I literally just went through this yesterday. Had a few failing tests in an unfamiliar domain. Took a cursory look, couldn't figure it out. Pasted the error messages into Claude to see if it could speed things up for me. We went back and forth for a while, pulling on different threads and trying various things. In the end, it gave up and essentially relaxed the test's assertions to make it pass.

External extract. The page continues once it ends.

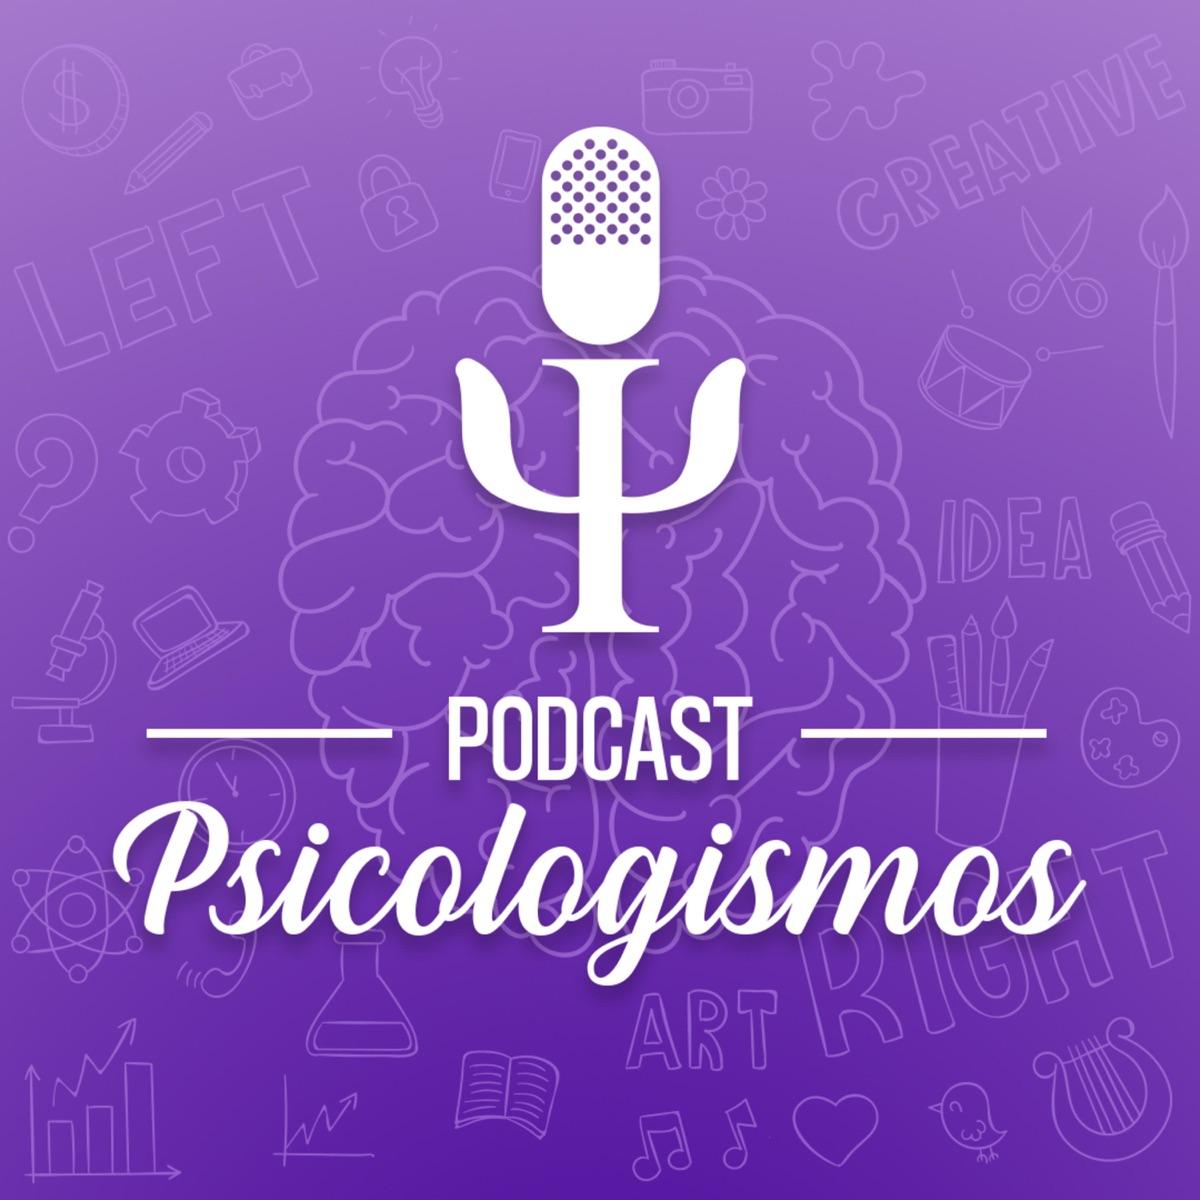 Psicologismos

I wasn't happy with that outcome, so I decided to invest some time in debugging through the test, tracing the flow of data, looking at the state of the stack frames and finally figured out what was wrong -- the solution was so simple and so obvious that had I just given the effort up front, it would have saved me some time and tokens.

It's a valuable lesson to take to heart. I think it's better to go from tinkering and trying it out yourself, than to go straight to AI and then giving it a go independently.

nasretdinovtoday at 1:10 PM

That reminds me of why I don't think that if err != nil in Go is actually a problem, because while it's annoying to have to pause each time an error can happen, it's actually very useful, because it forces you to consider all the possible failure states and it often lets you discover the flaws in your original design while you're typing in the code. This eventually leads to much better outcomes and allows for the tools I write to be much more resilient than they otherwise would.

Obviously it all goes out of the window as soon as AI coding comes into question, and that's why I learned that I actually _don't_ want AI to generate code for me. I would only ask it simple questions like "how do I do X in Go" or in some other system, but the implementation I do myself, otherwise I lose this "having to consider every error path" part, which is apparently very helpful when your goal is to write resilient software

eleveriventoday at 4:58 PM

I don't think the goal is to reject these tools, but to be more intentional about when we use them

a13otoday at 1:44 PM

I’ve given these sorts of haystack search struggles completely over to the LLM. Whether it’s finding a bug in code or searching documentation for the answer, I view it as a near-obsolete skill. The past couple of decades it was important to know how to chase down documentation and zero in on the one line of config you were missing. Now it’s not.

I don’t view this as a hollowing out of my skill tree, I view it as freeing myself to focus on modern skills I need to develop. Such as learning how to steer LLM context windows towards maintainable solutions in large codebases.

I’m sure I’ll be thankful now and then that I know how to manually sift through stack traces for answers. But I expect those moments to be rarer and rarer. I basically never look at machine code, but I bet that used to be an important skill for programmers many decades ago.